Generally, scraper sites are created specifically to put paid ads on sites such as Google AdSense. Many times the ads on the page are the only relevant item on the page for the user, as the links to all of the other sites are not what the user was searching for. Thus, the user clicks on the Google AdSense text link or affiliate link and the scraper yields a monetary return. Scrapers create these sites based on listings with high-traffic snippets that contain keywords with high activity. These listings bring traffic to the scraper site, which in turn redirects the user to the site that the scraper has put together. The content that is stolen usually has a high activity count and is not necessarily relevant to the ad, but since the activity is high, the scraper site brings in the traffic.

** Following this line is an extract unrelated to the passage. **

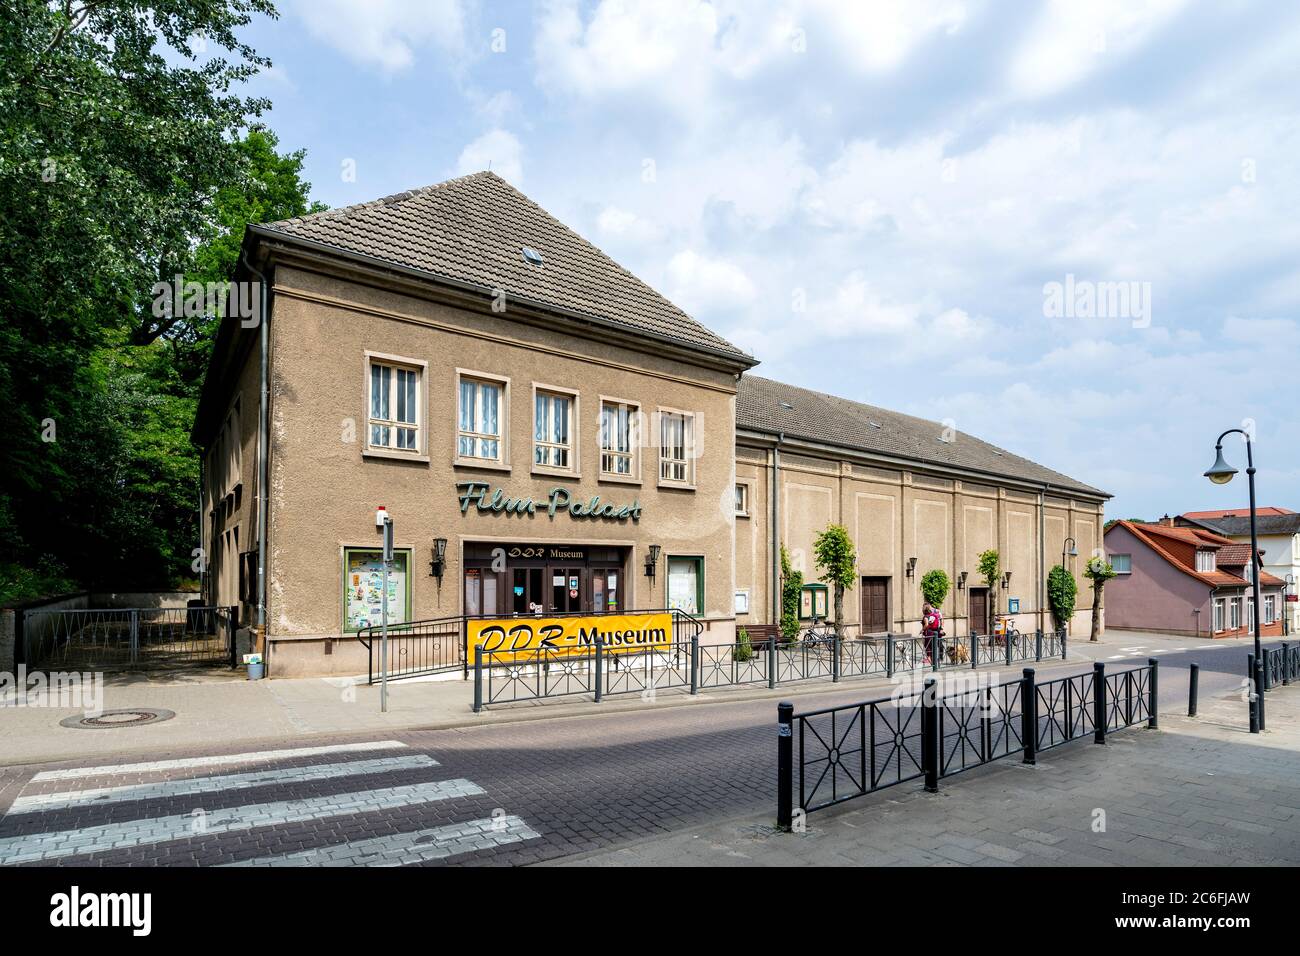 DDR Museum in a former cinema in Malchow, Germany. Stock Photo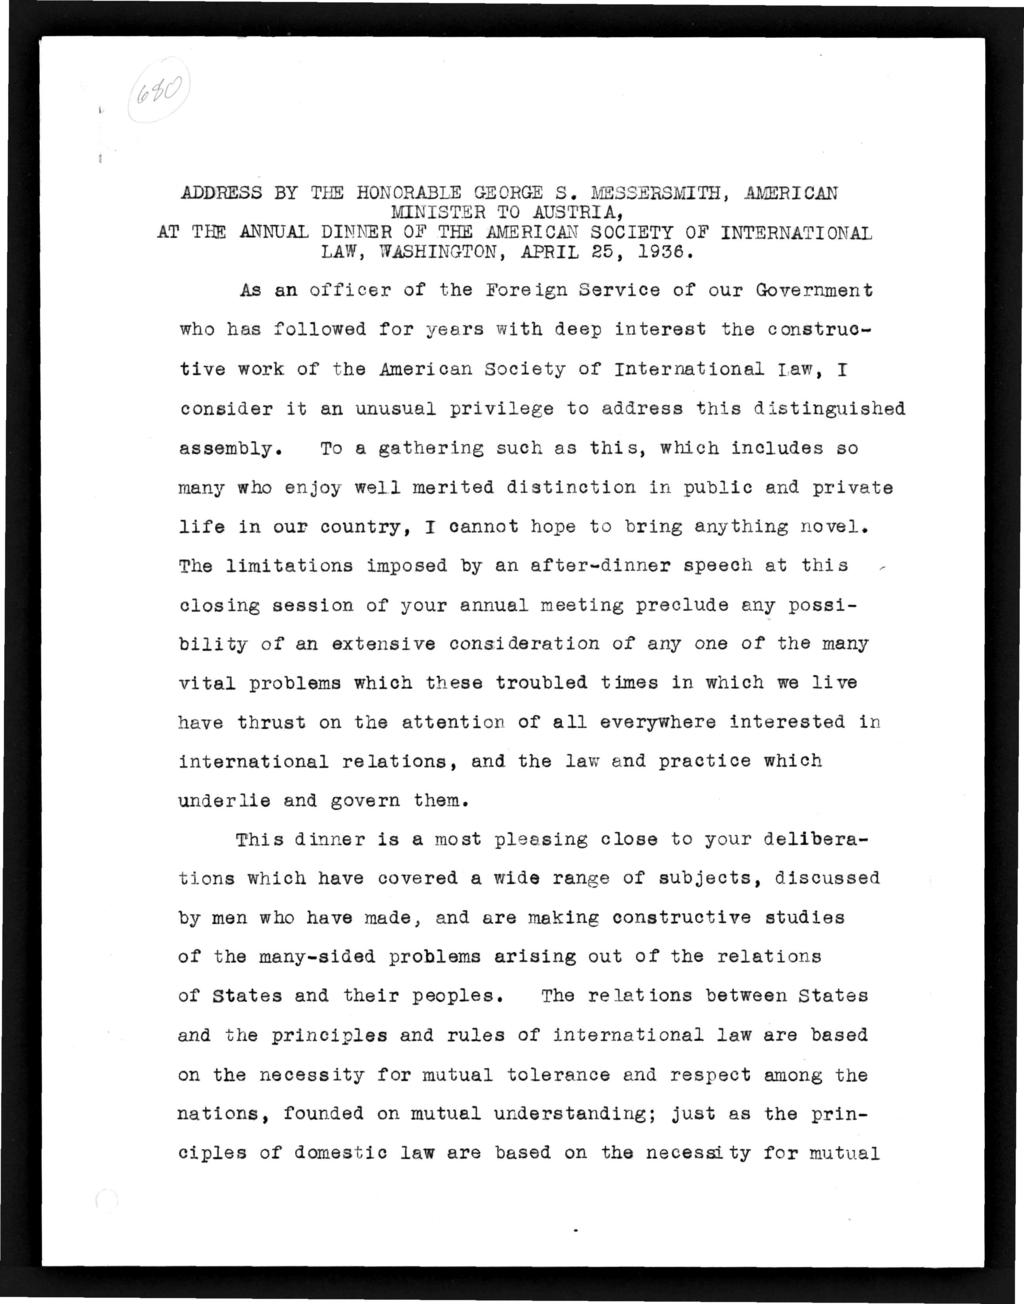 ADDRESS BY THE HONORABLE GEORGE S. MESSERSMITH, AMERICAN MINISTER TO AUSTRIA, AT THE ANNUAL DINNER OF THE AMERICAN SOCIETY OF INTERNATIONAL LAW, WASHINGTON, APRIL 85, 1936.

So how do the scraper sites accomplish scraping a site? There are automated programs available that send out bots to extract content, reorganize it and create a new Web page. Some of these bots can scour thousands of sites in as little as an hour. Some of the software applications are programmed to implement “find and replace” for keywords so the content might appear different. Most scraper sites give the appearance of a search engine results page or a directory. Scrapers usually take sections of a Web site such as the title and description of a page or might even take a whole page and create a Web site or Web page of their own. As mentioned previously, the information provided on a scraper site is not original and has little to no value to the user.

The issues that scraper sites create are varied. Relevancy of all other sites for the query is diluted. Having the scraper sites show up in the rankings can push down the relevant sites’ positions. There are even instances when the scraper sites are ranking higher then the original site the content was taken from. Another issue is the scraper site can take traffic away from the original Web site. Scraper sites also create instances of duplicate content. And one of the biggest issues with scraper sites is copyright violation. Some refer to it as “digital plagiarism”. It is against the law to use someone else’s work, whether it be content, images, blogs, etc., without the owner’s permission and without citing who really created the work. Most owners don’t mind the use of their work for personal reasons, but copying content for monetary gain violates copyright laws.

If your site is prone to being scraped, below are a few suggestions that you might find helpful so at the very least you benefit or receive credit for your own work.

Use absolute links in your site.
On blog entries, make sure you link to other entries within your site.
Try to have a link to another page within your site in the first two lines of your text.
Use your blog name in your entry.
Use copyrights on your pages. Most scraper sites do not consider copyrights when they copy content.
Report any one stealing your work to the search engines.